The original roadmap framed the decision as "interpret a subset vs run a helper binary vs wait for Go comptime." All three assume the preprocessor has to evaluate code at build time. The actual winning option is do not evaluate at build time at all — let the user hold the literal, verify it at test time, and refresh it on demand via a standard workflow. That option is missing from the roadmap because the framing narrowed it out. This is worth remembering for future design work on any phase: the framing of the question can smuggle in assumptions that eliminate the best answer.

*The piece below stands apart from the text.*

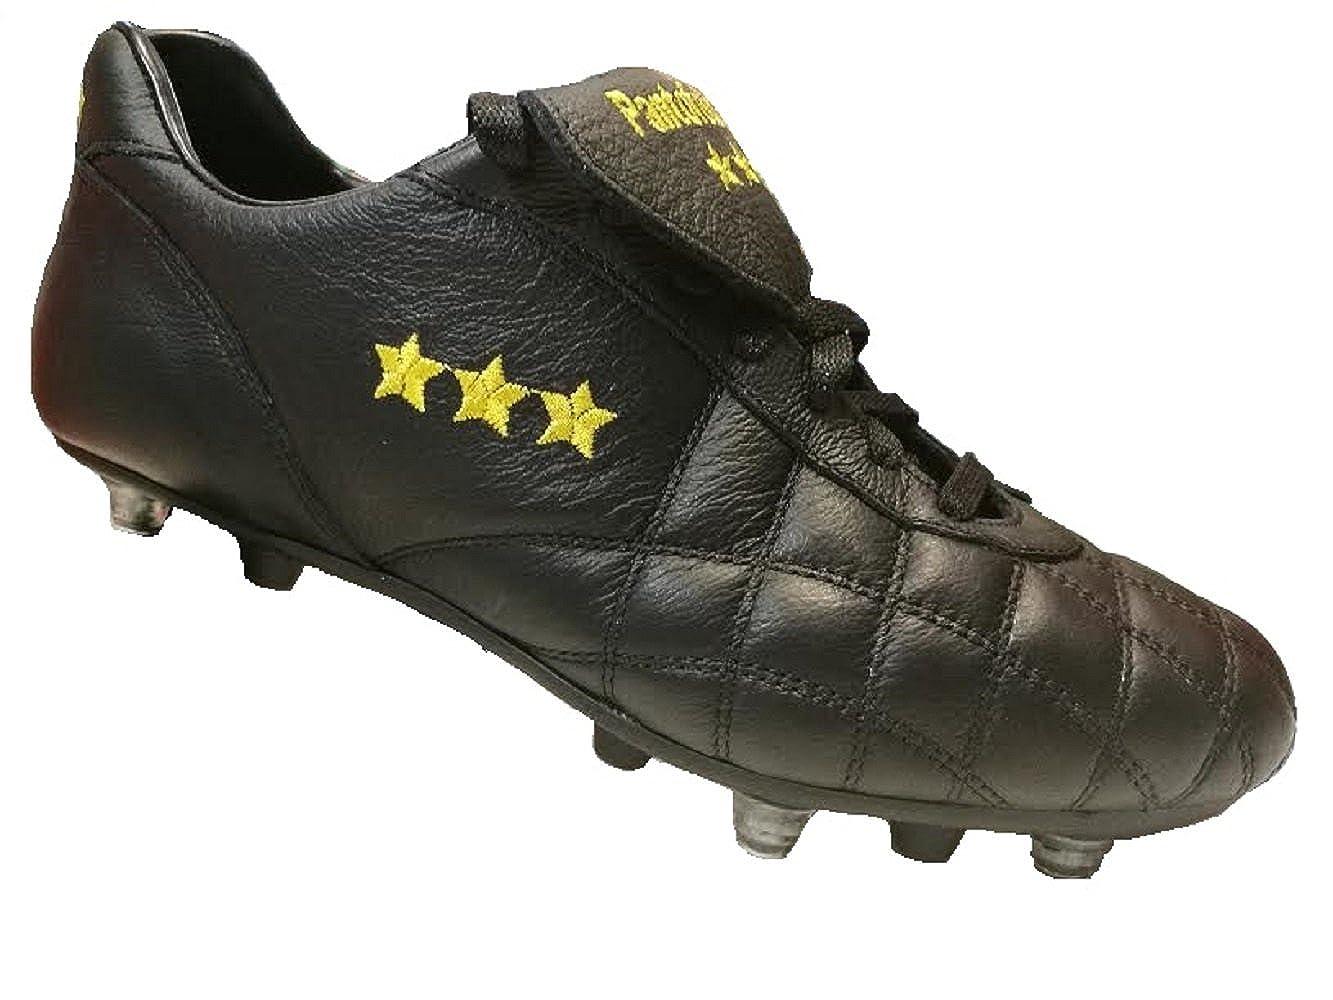 Pantofola d'Oro Herren Fußballschuhe Schwarz Schwarz 43.5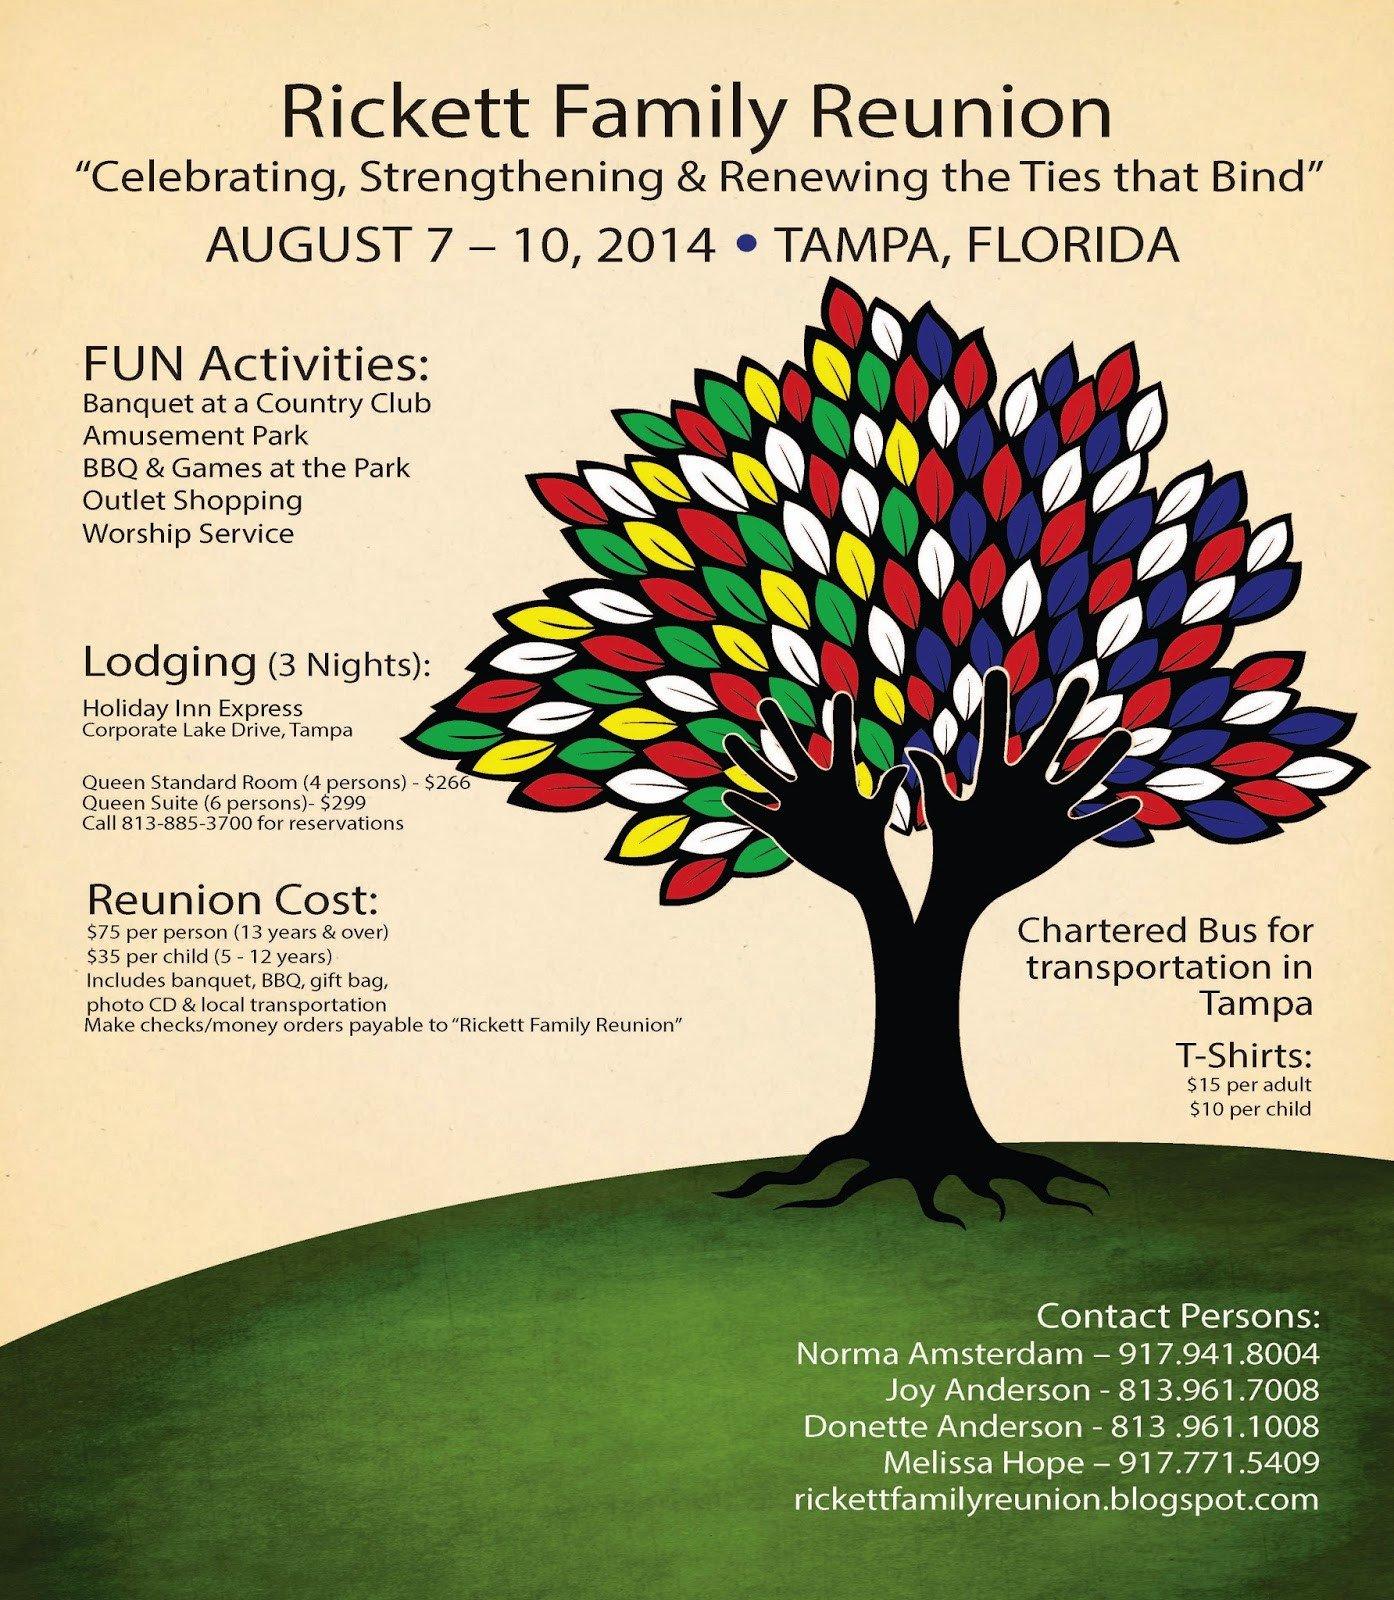 Family Reunion Flyer Templates Rickett Family Reunion Blog

What would be needed to actually ship this elsewhere¶

If someone starts a separate comptime-for-Go library tomorrow, the work below is what they inherit:

Surface API. Manifest[T any](literal T, spec func() T) T plus a test-time VerifyManifest[T] — plus whatever -update plumbing fits the library's ambitions.
Purity story. For the J-only path, purity is entirely user-discipline — the test catches non-determinism. For any path that runs user code during the build, a purity gate (syntactic call-graph walk at minimum, static taint analysis at most) has to be designed and implemented.
Literal emission. Go-source printing for arbitrary values that might appear on the left-hand side of a Manifest call. JSON is not enough; type identity and generated-code clarity matter.
Cache story. Content-addressed by source hash keyed off the spec function's transitive dependencies. Go's build cache key does not include this, so the library has to roll its own or accept stale builds on cache hits.
Test tooling. -update as a convention requires the library's tests to know how to find the right source file and rewrite the literal without disturbing surrounding code. go/printer produces reformatted output that can disturb unrelated lines; a token-level rewrite is cleaner.

None of this is out of reach. All of it is a separate project, not a phase of proven.